Я посмотрел ей в спину. До чего смешная! Ноги — как у африканского страусенка.
В это время подошел хозяин собачонки и стал отвязывать ее от изгороди.
— Между прочим, — сказал я громко, — здесь ходят маленькие дети.
— Учтем, — ответил хозяин собачонки.
Подошел троллейбус. Наташка села в него. Водитель поторопился закрыть двери, и ее портфель прищемило.
Я бросился на выручку: застучал кулаком по двери. Водитель снова открыл двери, и портфель плюхнулся на тротуар.
Я подхватил портфель, впрыгнул в троллейбус и позвал:
— Наташка, ты где?
— Я здесь, — ответила Наташка.
Водитель закрыл двери, и троллейбус тронулся.
— Все из-за тебя! — угрожающе прошипел я и сунул ей портфель.
Вскоре троллейбус остановился, я сошел, и она тоже сошла.
— А ты чего? — удивился я.
— Здесь мой дом, — сказала она.
— И ты пешком не можешь пройти одну остановку?

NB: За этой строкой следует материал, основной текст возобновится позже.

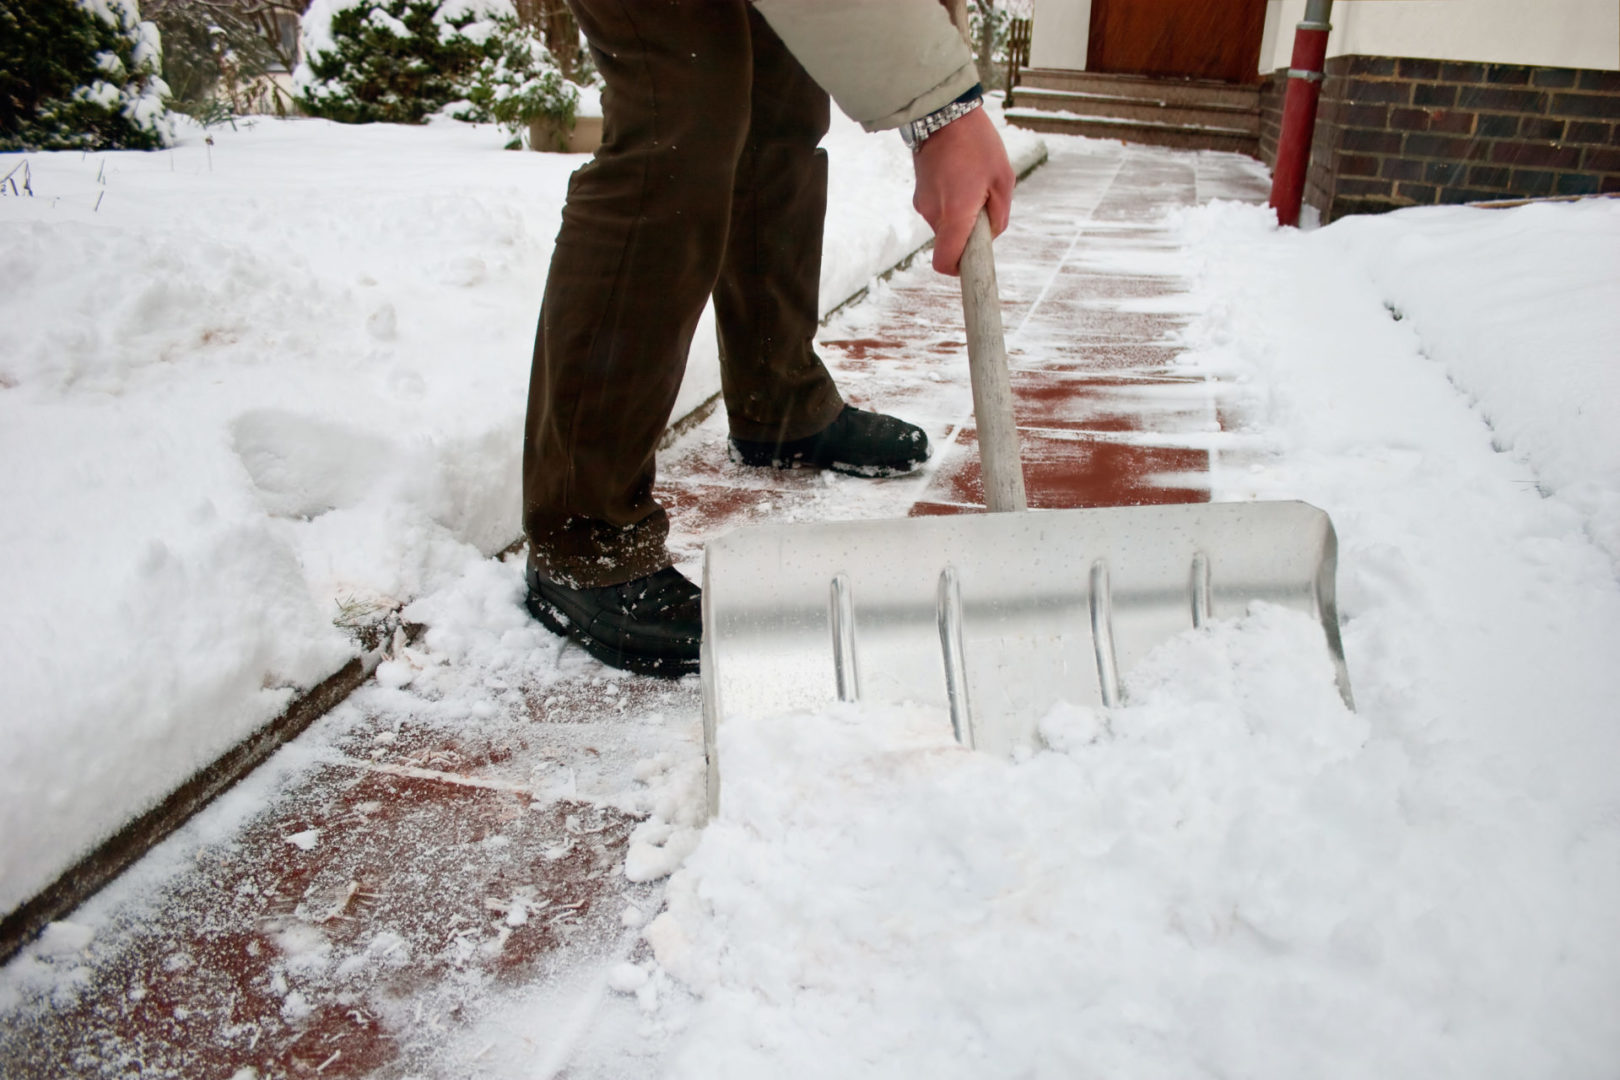 Snow, ice, salt, deice, snow removal, deicing, tips for snow removal, deice driveway, shoveling, shovel

— На троллейбусе интересней.
— «Интересней»! — передразнил я ее.
Я здорово обозлился.
Я стал стягивать наколенники, а то на меня все оглядывались: они были натянуты поверх брюк.
— А твой дом где? — не унималась Наташка.
— Там… — Я неопределенно махнул рукой и пошел.
— Можно, теперь я тебя провожу? — Она догнала меня.
— Нельзя, — ответил я. — Я возвращаюсь на футбол.
Конечно, когда я прибежал в школу, никакого футбола не было и все разошлись. Я уже собирался уходить, как вдруг вижу, ко мне подбегает Наташка.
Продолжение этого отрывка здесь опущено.